Worse, you end up getting unwanted marketing literature.

Case in point: two IT vendors offered no other channel of contact other than a web form. Why they would do such a thing is beyond me. As a member of the press, I wanted to include their companies in an article. Yes, there was a general phone number but a) I prefer email and b) voicemails are often not replied to either. So I always want to email. But with a growing list of companies, that is problematic. They may have a sales email address, but getting a sales guy to reply to anything but a sales lead is a low percentage shot. Others have an info@ email address. But those communications seem to disappear into another dimension.

That leaves the web form. Firstly, you are required to add all sorts of information. They want your name, address, phone, email, country, age, demographics, which of their products you want, size of company, shoe size, on and on. You fill out all this unnecessary data, label it at the top as a media inquiry and what happens? For the two companies in question – no reply. One not only ignored the inquiry but added me to its marketing mailing list. Now they send me spam about products I am never going to buy.

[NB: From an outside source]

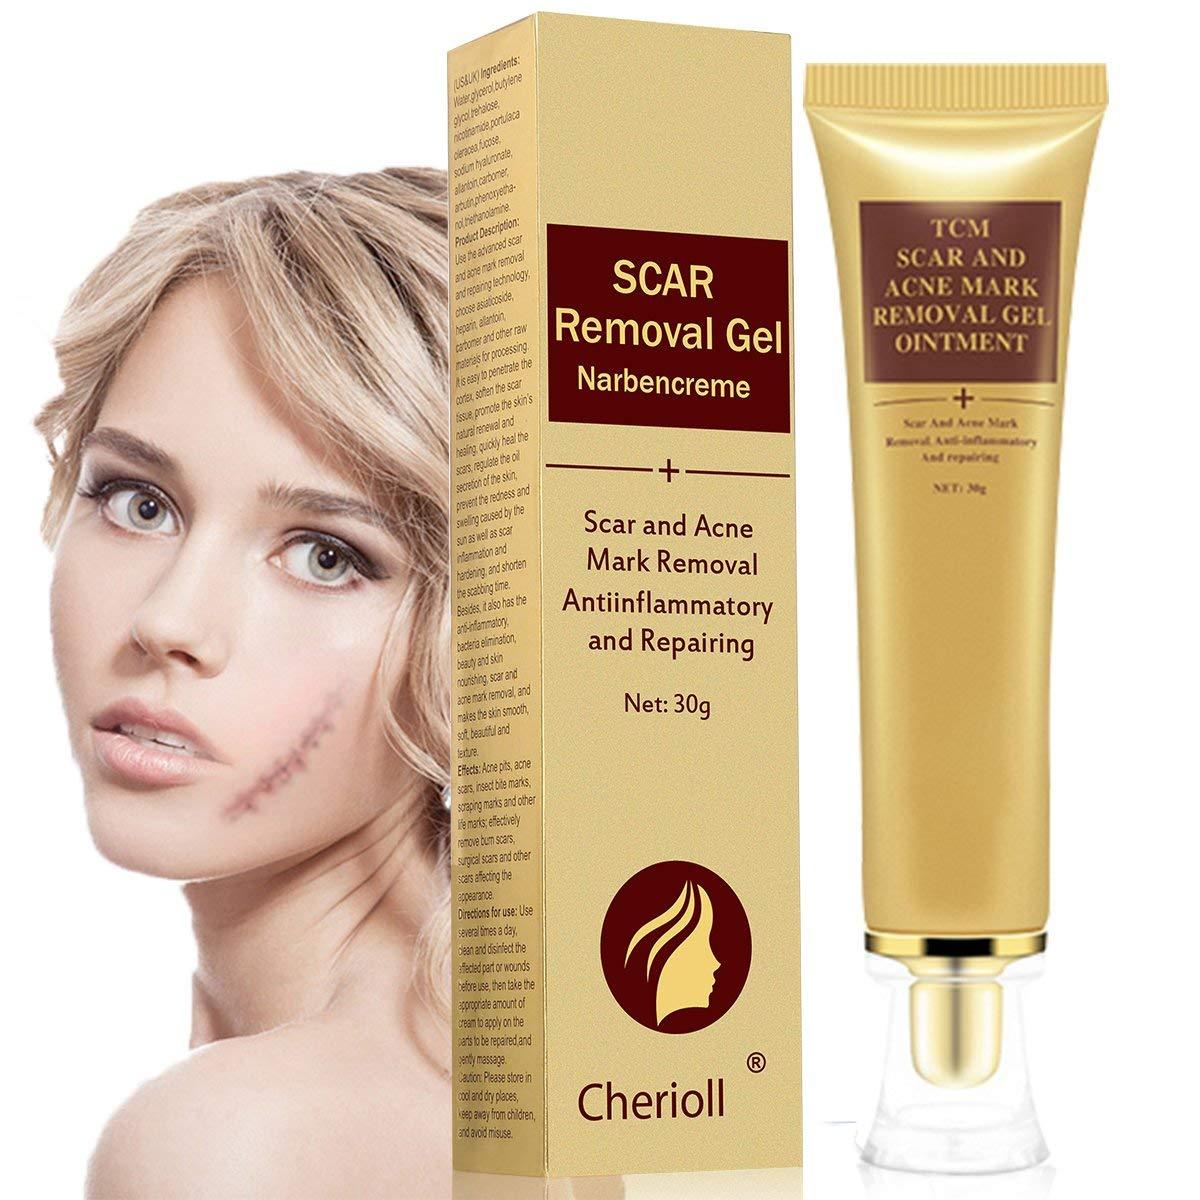 Scar Cream, Acne Scar Removal Cream, Face Skin Repair Cream, Acne Spots Treatment, Scar Gel for Stretch Marks Relief and Burns Repair (30ml)

Clearly, no one is responsible for these web forms in about 50% of companies. That makes them a liability. Try filling in the web form for your own company (or one you represent) and see if anyone responds. The best that is likely to happen is to be added to the marketing list.

Both companies in question failed to capitalize on an opportunity to appear in a magazine article. Yet I guarantee you that they are desperate to receive more coverage. They may even be paying a lot to try to generate good PR. Yet simple basics like responding to web forms may be cutting their throats.

Points to address:

  1. Fill out your own web form (or ask a friend to do it) and see if anyone replies.
  2. Send an email to your info@companyname.com email address and see if anyone replies.
  3. Make someone responsible to respond in a timely fashion to both.
  4. Put an email address at the top of every press release so it is easy to contact you.